SOURCES- Meat, fish, poultry, vegetables, fruits.

VITAMIN B12
Part of an enzyme needed for making new cells; important to nerve function.

SOURCES- Meat, poultry, fish, seafood, eggs, milk, milk products (not found in plant foods)

VITAMIN C
Antioxidant; part of an enzyme needed for protein metabolism; important for immune system health; aids in iron absorption, gives skin elasticity.

SOURCES- Found only in fruits and vegetables, especially citrus fruits, vegetables in the cabbage family, strawberries, peppers, tomatoes, potatoes, mangoes, kiwifruit.

VITAMIN D
Strong healthy bones.

SOURCES- Egg yolks, liver, fatty fish, when exposed to sunlight the skin can make vitamin D.

VITAMIN E
Antioxidant; blood circulation, protection from free radicals.

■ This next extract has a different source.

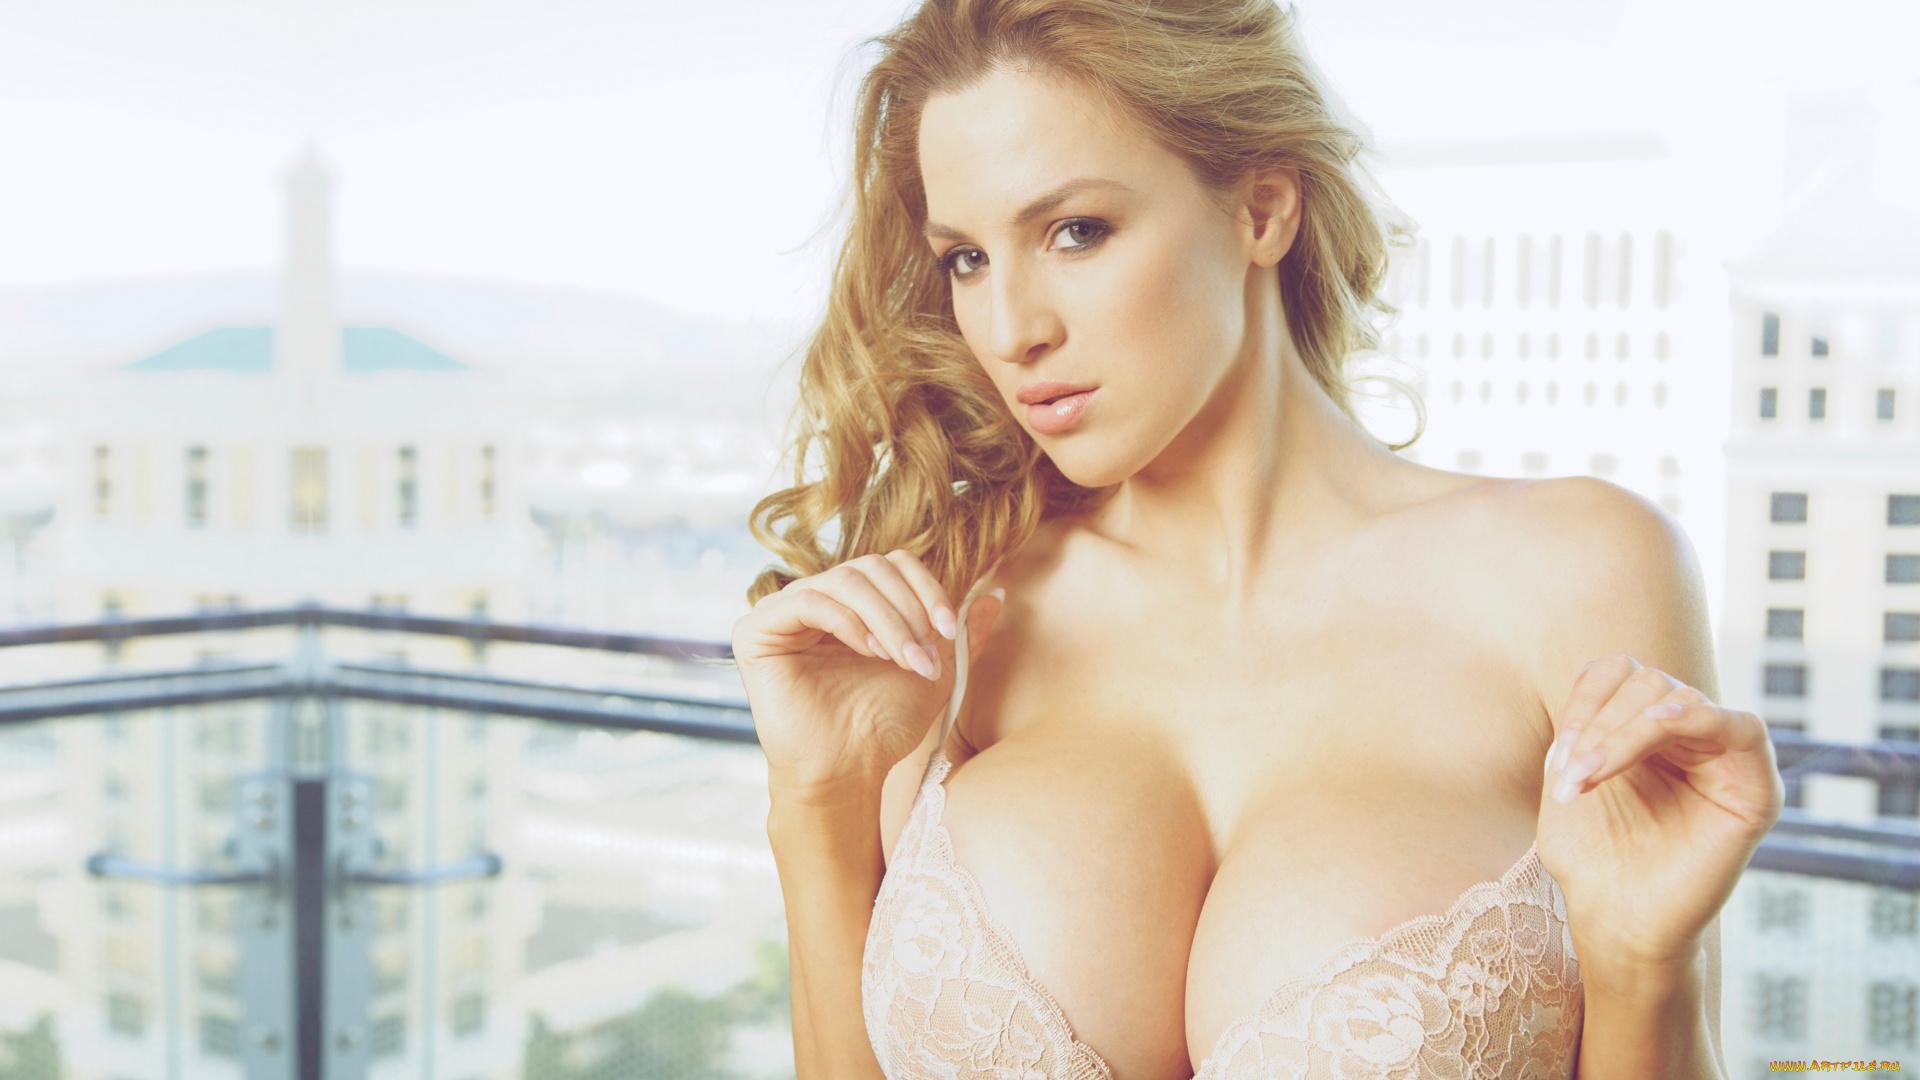 Порно с девочками грудью 4 размера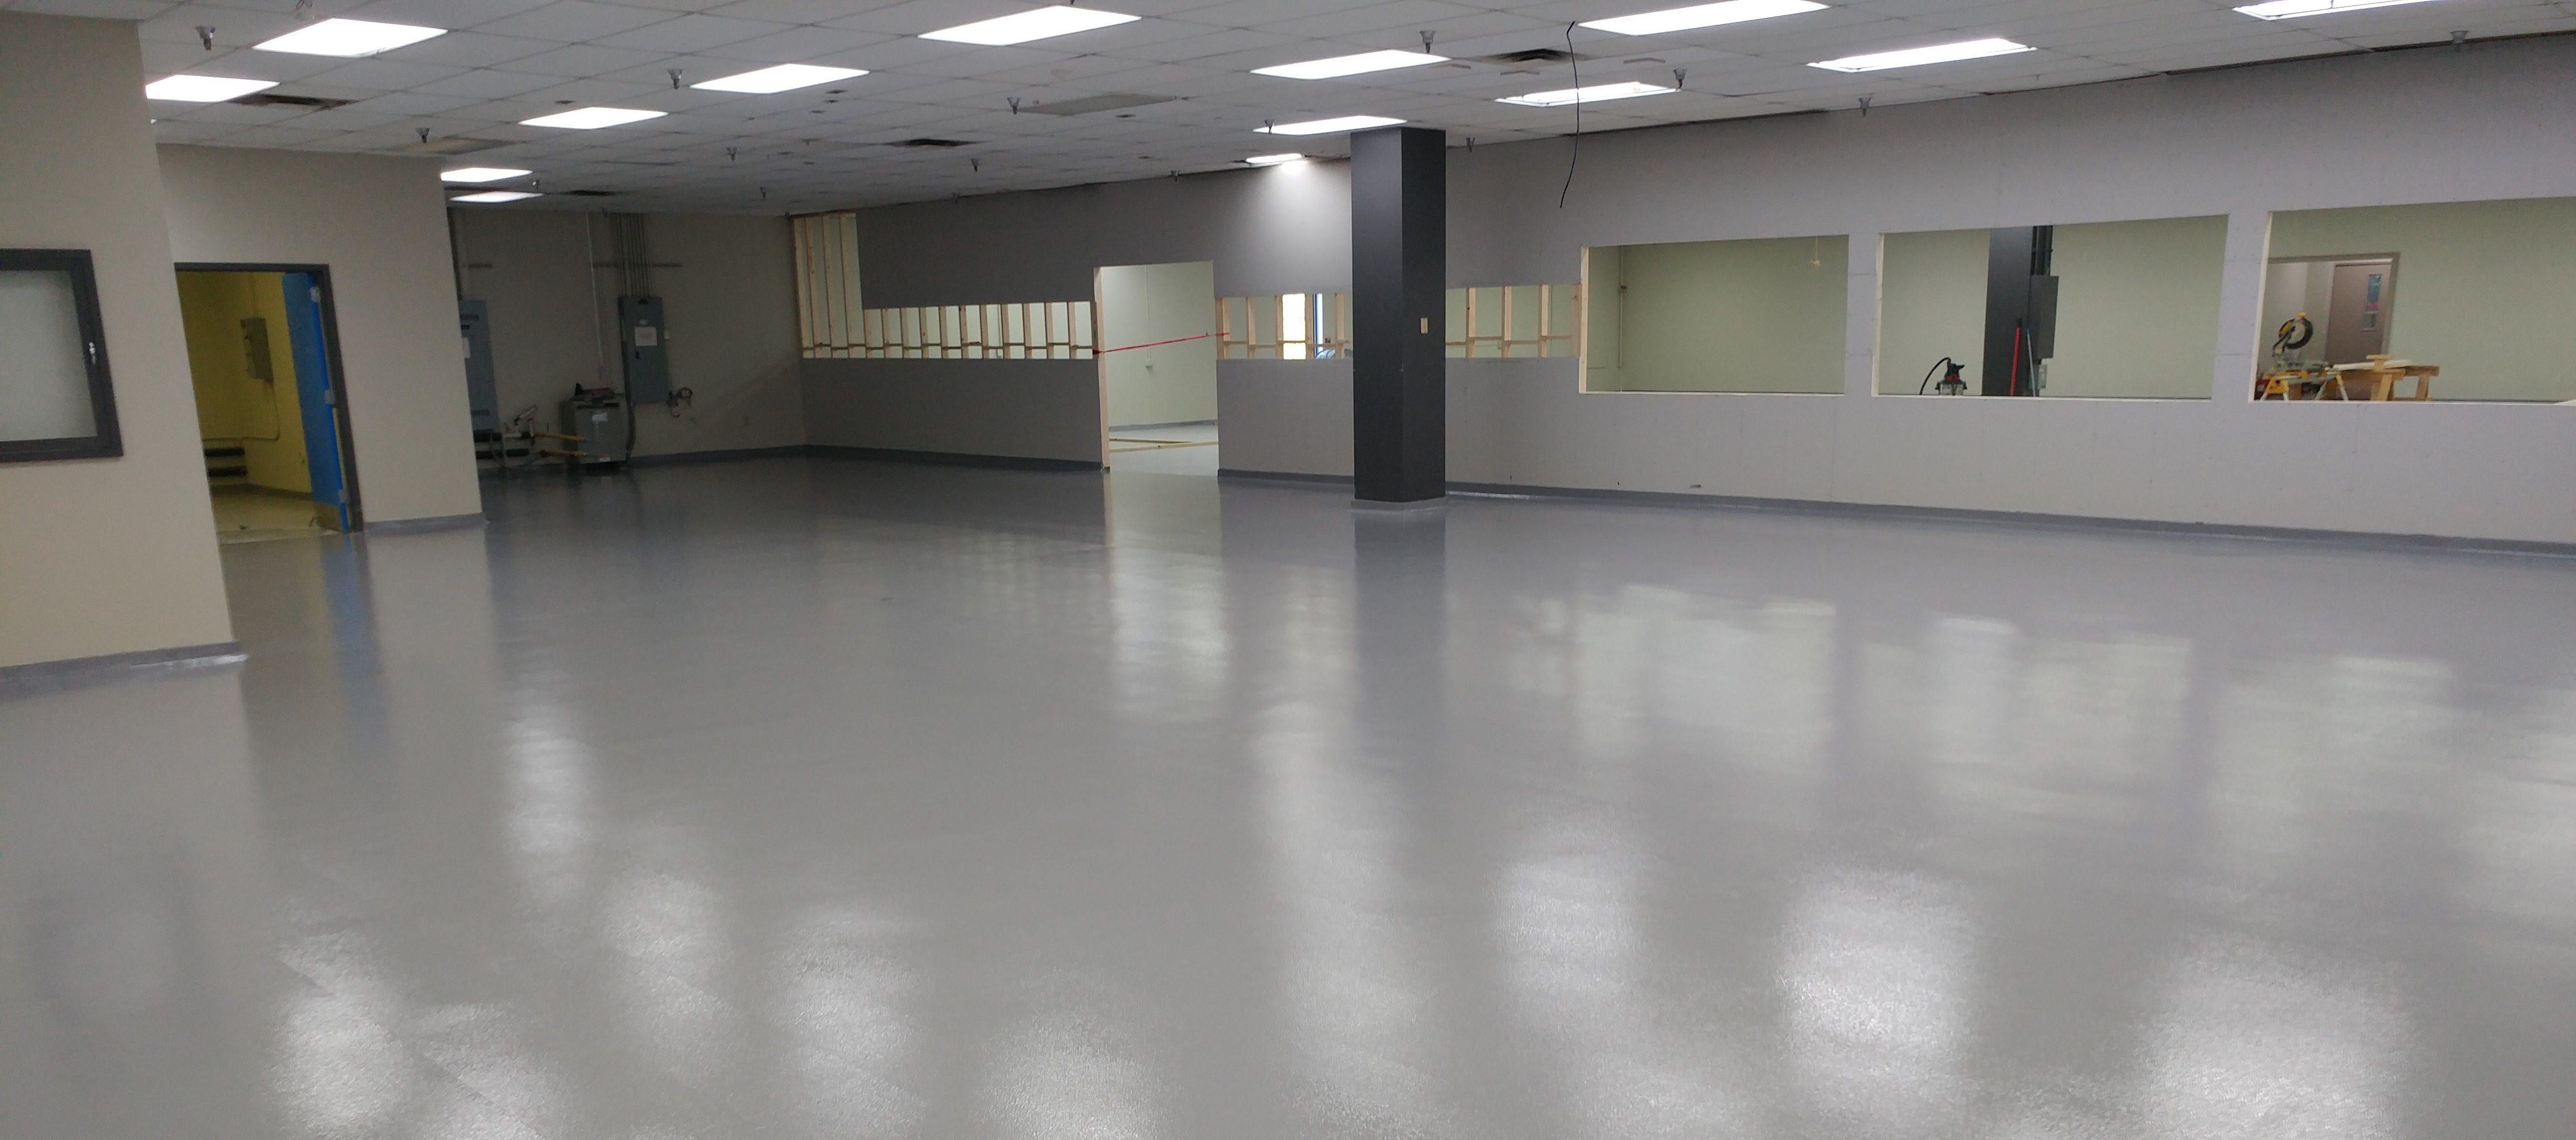 Industrial Floor Coating Services Concrete Flooring Contractors

SOURCES- Leafy green vegetables, almonds, wheat germ, whole grain products, egg yolks, nuts+seeds.

VITAMIN K
For proper blood clotting.

SOURCES- Leafy green vegetables, milk, also produced in intestines by bacteria.

FOLIC ACID
Cell renewal

SOURCES- Dark leafy greens, asparagus, broccoli, citrus fruits, beans, peas, lentils, seeds+nuts, cauliflower, beets, corn.

CALCIUM
Healthy teeth and bones.

SOURCES- Dairy products like yogurt, cheese, and milk.

IRON
Building muscles naturally and maintaining healthy blood.

SOURCES- Clams, oysters, liver, soybeans, pumpkin seeds, beans, lentils, spinach.

ZINC
Immunity, growth, fertility.

SOURCES- Seafood like oysters, spinach, cashews, beans, dark chocolate.

Now i will include a list of 16 SUPER FOODS that you should start adding to your diet.

1. BLUEBERRIES 2. KALE 3. OATMEAL 4. BROCCOLI 5. STRAWBERRIES 6. SALMON 7. WATERMELON 8. SPINACH 9. EGGS 10. ALMONDS 11. BEANS 12. APPLES 13. GARLIC 14. GREEK YOGURT 15. QUINOA 16. CHIA SEEDS

Health is very important to me and i'm obsessed with learning about the benefits of different foods and i hope this motivates you/ teaches you how to start a healthier lifestyle that is enjoyable and over all makes you happier because happiness is the most important thing and you have to work at it one step at a time, but in the end its all worth it.